In 1922 Tabard joined the staff of the Bachrach Studio as a portrait photographer and worked in a number of cities, including Baltimore, Washington, D.C., and Cincinnati. Six years later he returned to France, establishing himself in Paris as a freelance portrait, fashion, and advertising photographer. During these years he became associated with Man Ray and René Magritte and began experimenting with solarization and double exposure.
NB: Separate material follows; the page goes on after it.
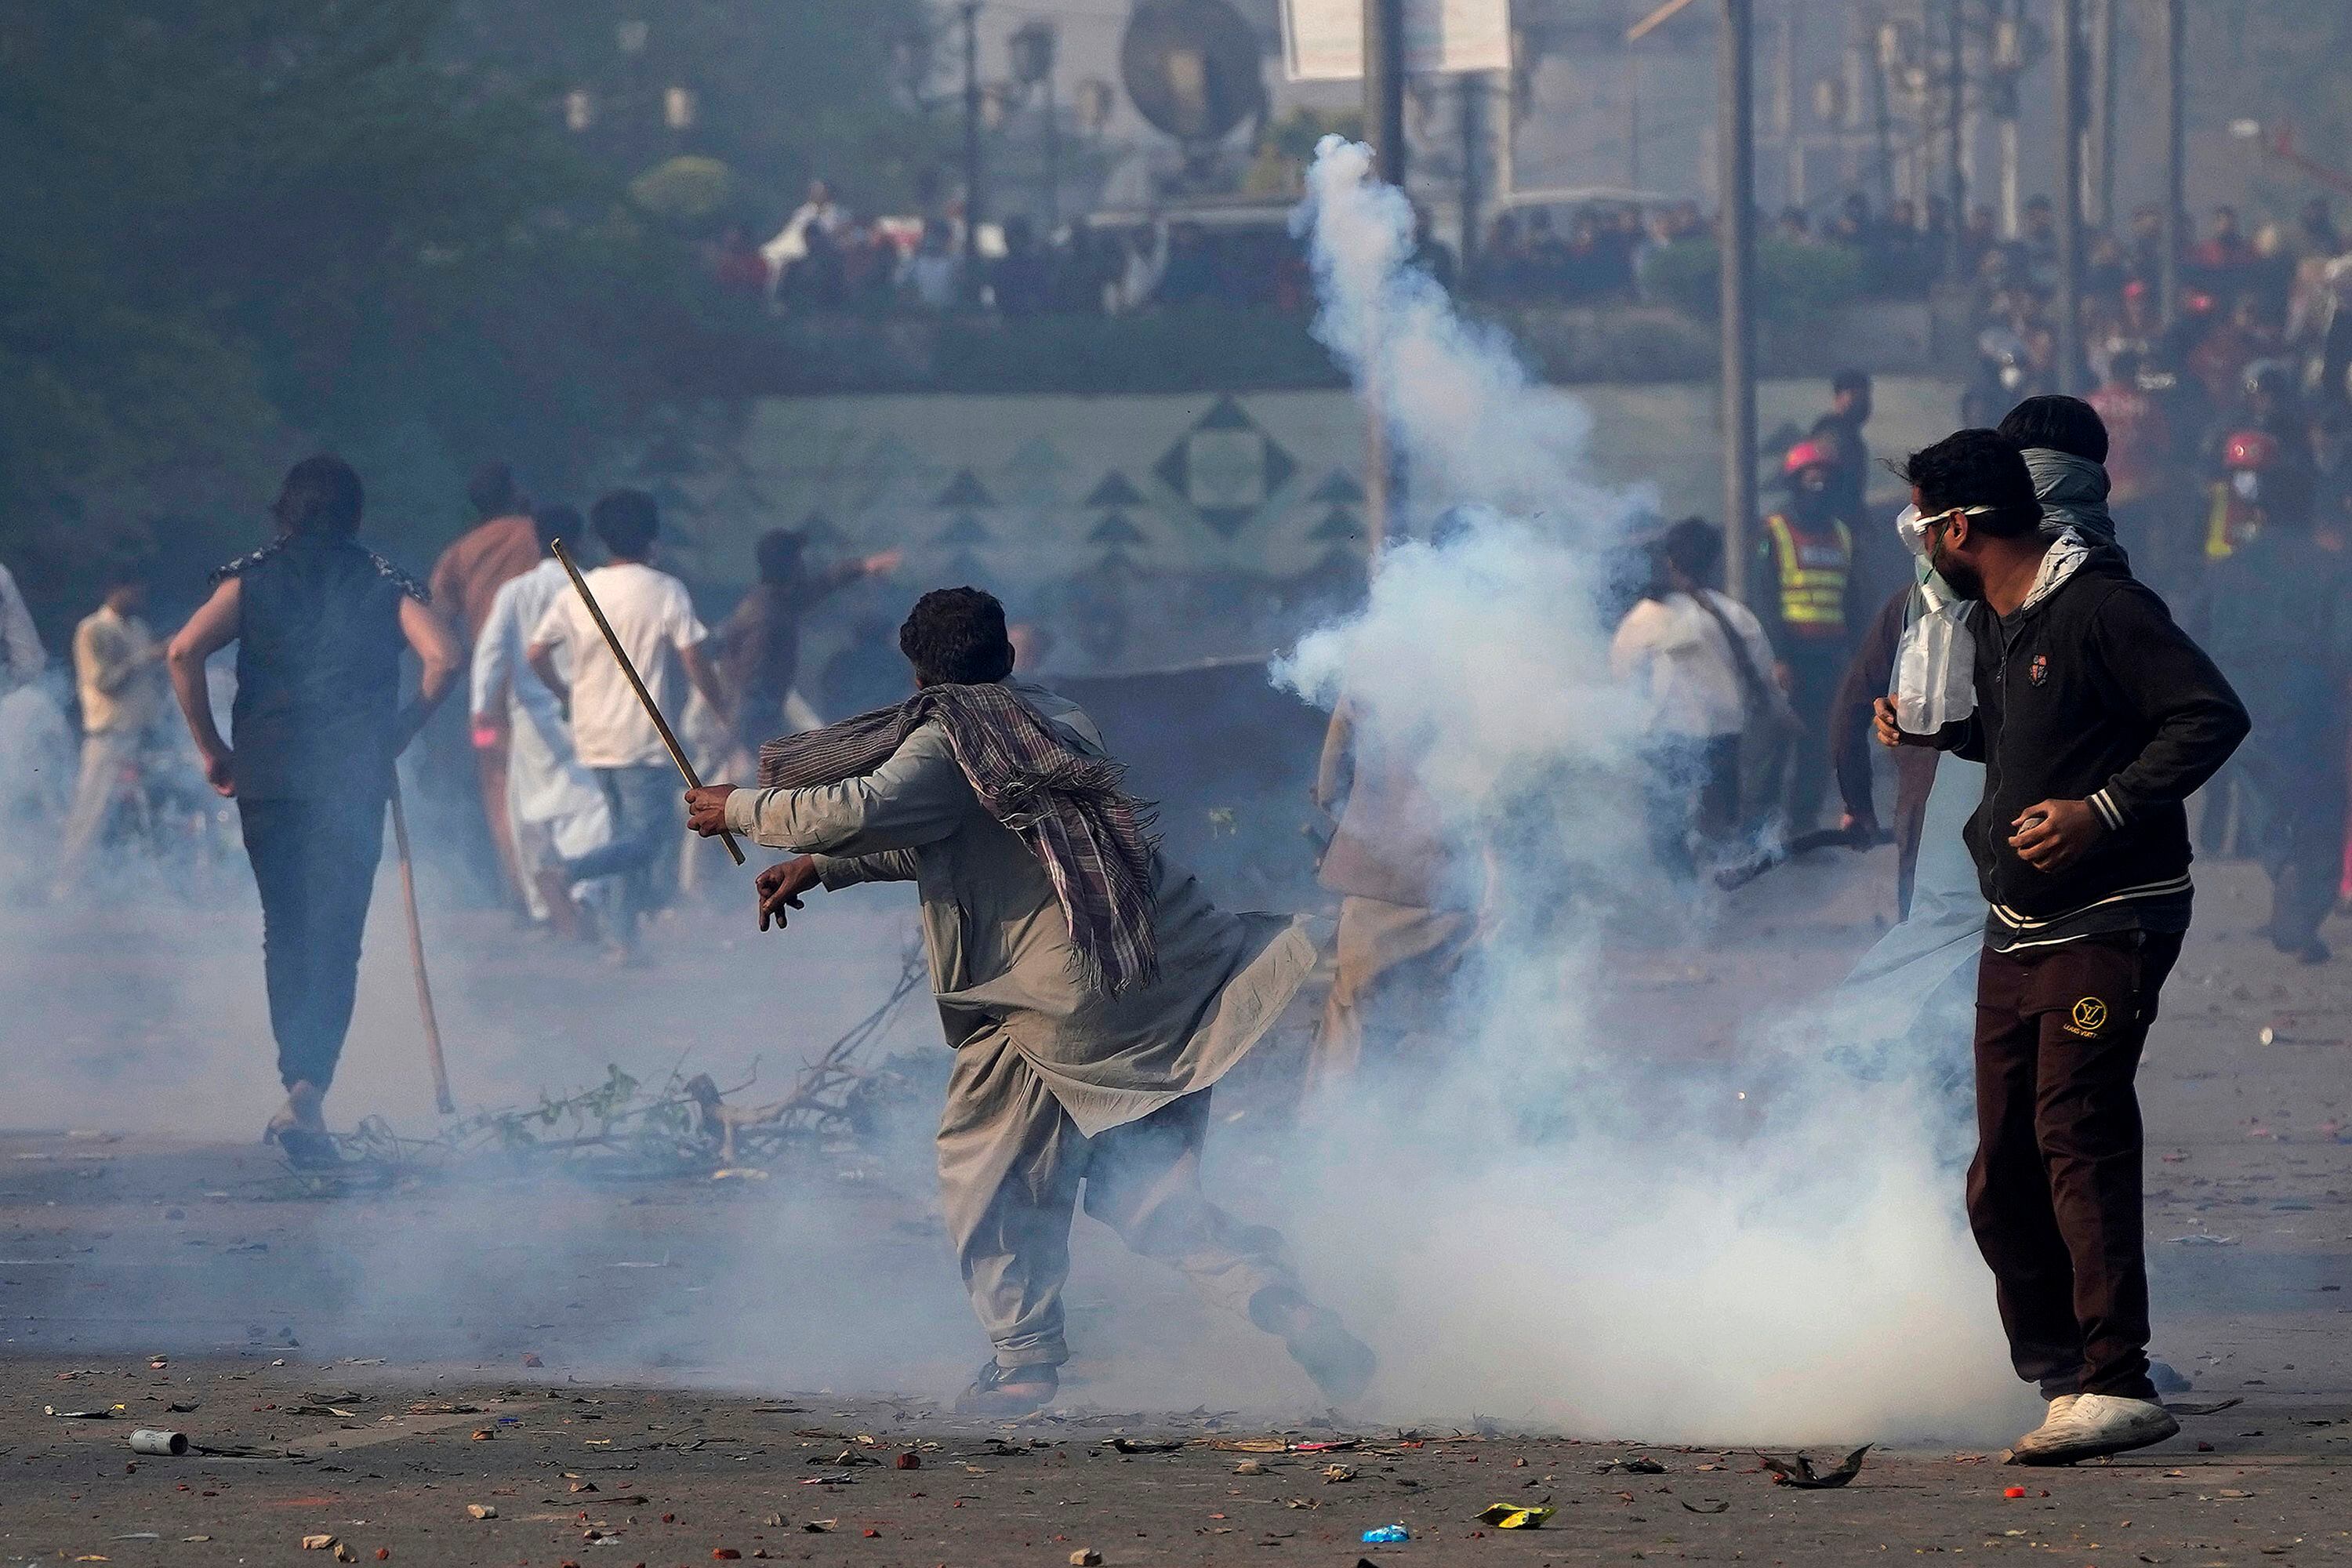 Un partidario del exprimer ministro de Pakistán Imran Khan lanza de vuelta una lata de gas lacrimógeno empleada por agentes de policía antimotines para dispersar a la multitud, durante enfrentamientos entre policía paquistaní y defensores de Khan en la ciudad natal del exmandatario, Lahore, el miércoles 15 de marzo de 2023. La policía intentó detener a Khan el día anterior por no comparecer ante una corte para responder de acusaciones de corrupción. (AP Foto/K.M. Chaudary)

In 1929 his photographs were included in the Film und Foto exhibition of avant-garde photography and film in Stuttgart; four years later, his article "Notes on Solarization" appeared in Arts et Métiers Graphiques.
Throughout the 1930s-50s Tabard continued to produce his own experimental work while pursuing various commercial jobs for Deberny-Peignot publishers, Pathó Films, Gaumont Films, the French government, Harper's Bazaar in Europe and the United States, and Paul Linwood Gittings Studio, New York, and worked as a freelance photographer from 1948-65. In the mid-1960s he retired from photography and in 1980 moved to Nice.
Over the years Tabard's work was included in numerous exhibitions, including Modern European Photography at the Julian Levy Gallery, New York (1932), Photographic Surrealism at the New Gallery of Contemporary Art, Cleveland (1979), and L'Amour Fou: Photography and Surrealism at the Corcoran Gallery of Art, Washington, D.C. (1985). M.M.